If the sides of a triangle are in AP, and the greatest angle of the triangle is double the smallest angle, the ratio of the sides of the triangle is

Let the sides of the triangle be a-d, a and a+d, with a > d>0. 

Clearly, a -d is the smallest side and a + d is the largest side. 

So, A is the smallest angle and C is the largest angle. It is given that C = 2A. 

Thus, the angles of the triangle are A, 2A and  $\mathrm{\pi }$-3A. 

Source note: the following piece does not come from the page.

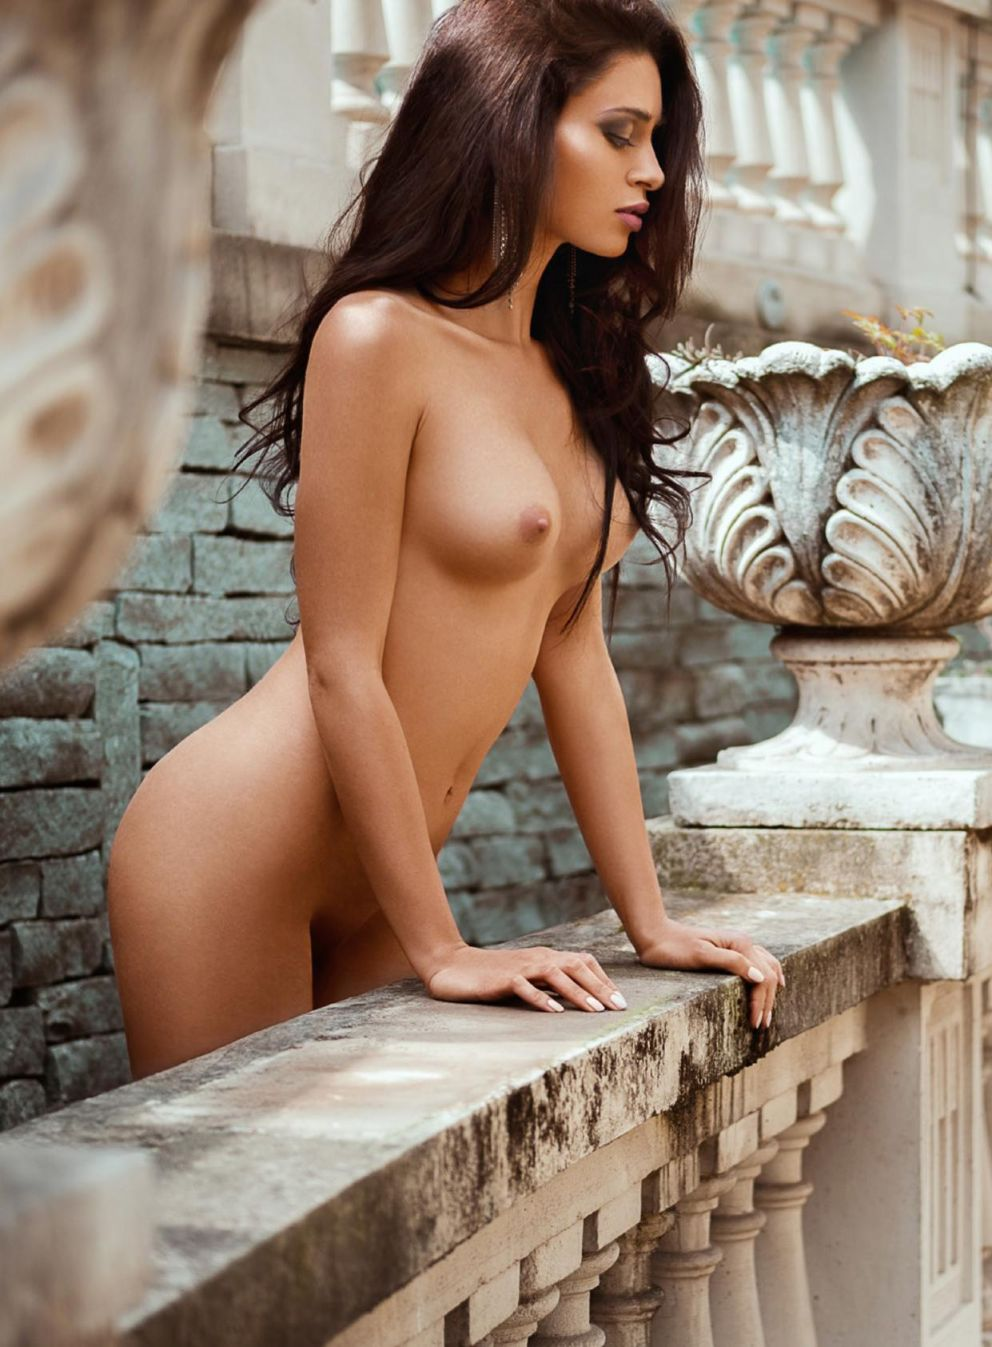 Lascivious brunette nude
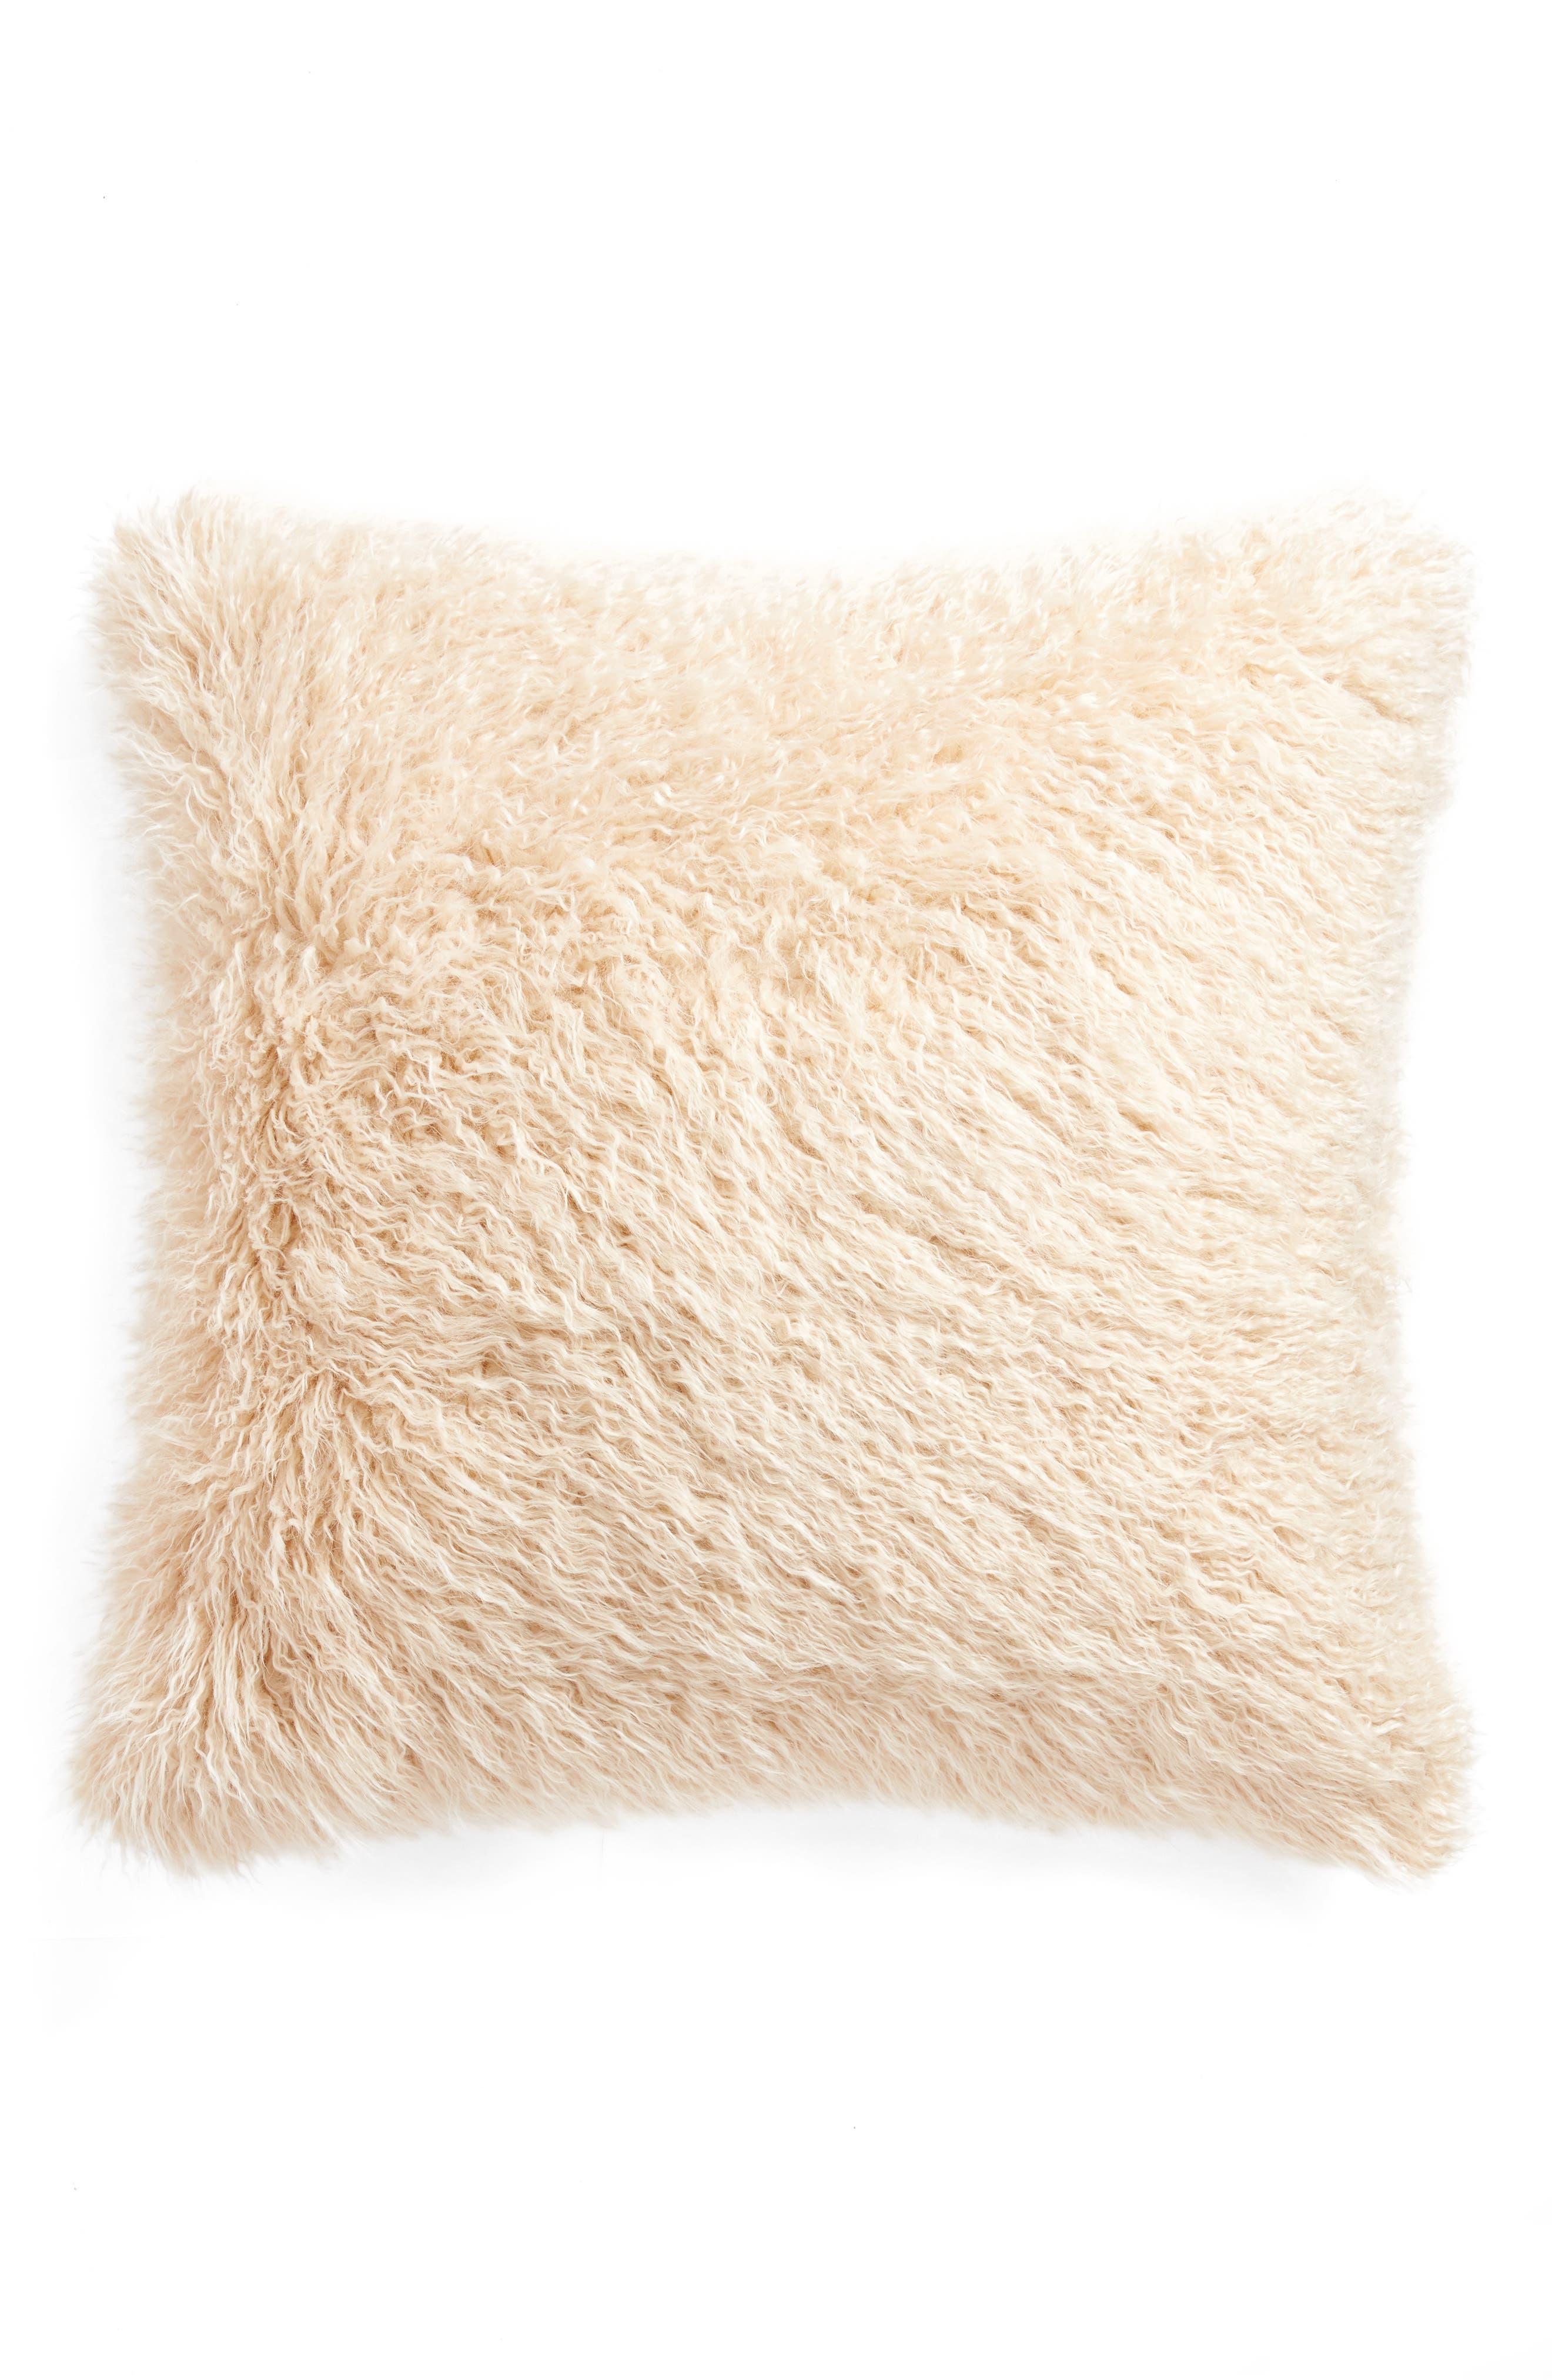 TREASURE & BOND,                             Curly Faux Fur Pillow,                             Main thumbnail 1, color,                             BEIGE BEACH

Applying the law of sines, we obtain 

$\begin{array}{rl} & \frac{\mathrm{a}-\mathrm{d}}{\sin \mathrm{A}}=\frac{\mathrm{a}}{\sin (\mathrm{\pi }-3\mathrm{A})}=\frac{\mathrm{a}+\mathrm{d}}{\sin 2\mathrm{A}}\\ \Rightarrow & \frac{\mathrm{a}-\mathrm{d}}{\sin \mathrm{A}}=\frac{\mathrm{a}}{\sin 3\mathrm{A}}=\frac{\mathrm{a}+\mathrm{d}}{\sin 2\mathrm{A}}\\ \Rightarrow & \frac{\mathrm{a}-\mathrm{d}}{\sin \mathrm{A}}=\frac{\mathrm{a}}{3\sin \mathrm{A}-4{\sin }^3\mathrm{A}}=\frac{\mathrm{a}+\mathrm{d}}{2\sin \mathrm{Acos}\mathrm{A}}\\ \Rightarrow & \frac{\mathrm{a}-\mathrm{d}}{1}=\frac{\mathrm{a}}{3-4{\sin }^2\mathrm{A}}=\frac{\mathrm{a}+\mathrm{d}}{2\cos \mathrm{A}}\\ \Rightarrow & 3-4{\sin }^2\mathrm{A}=\frac{\mathrm{a}}{\mathrm{a}-\mathrm{d}}\text{and}2\cos \mathrm{A}=\frac{\mathrm{a}+\mathrm{d}}{\mathrm{a}-\mathrm{d}}\\ \Rightarrow & 4{\cos }^2\mathrm{A}-1=\frac{\mathrm{a}}{\mathrm{a}-\mathrm{d}}\text{and}2\cos \mathrm{A}=\frac{\mathrm{a}+\mathrm{d}}{\mathrm{a}-\mathrm{d}}\end{array}$

$\Rightarrow {\left(\frac{\mathrm{a}+\mathrm{d}}{\mathrm{a}-\mathrm{d}}\right)}^2-1=\frac{\mathrm{a}}{\mathrm{a}-\mathrm{d}}\Rightarrow \mathrm{a}=5\mathrm{d}$

Thus, the sides of the triangle are a-d, a, a + d    i.e. 4d, 5d, 6d.

Hence, the ratio of the sides of the triangle is 4d :5d: 6d     i.e. 4:5:6.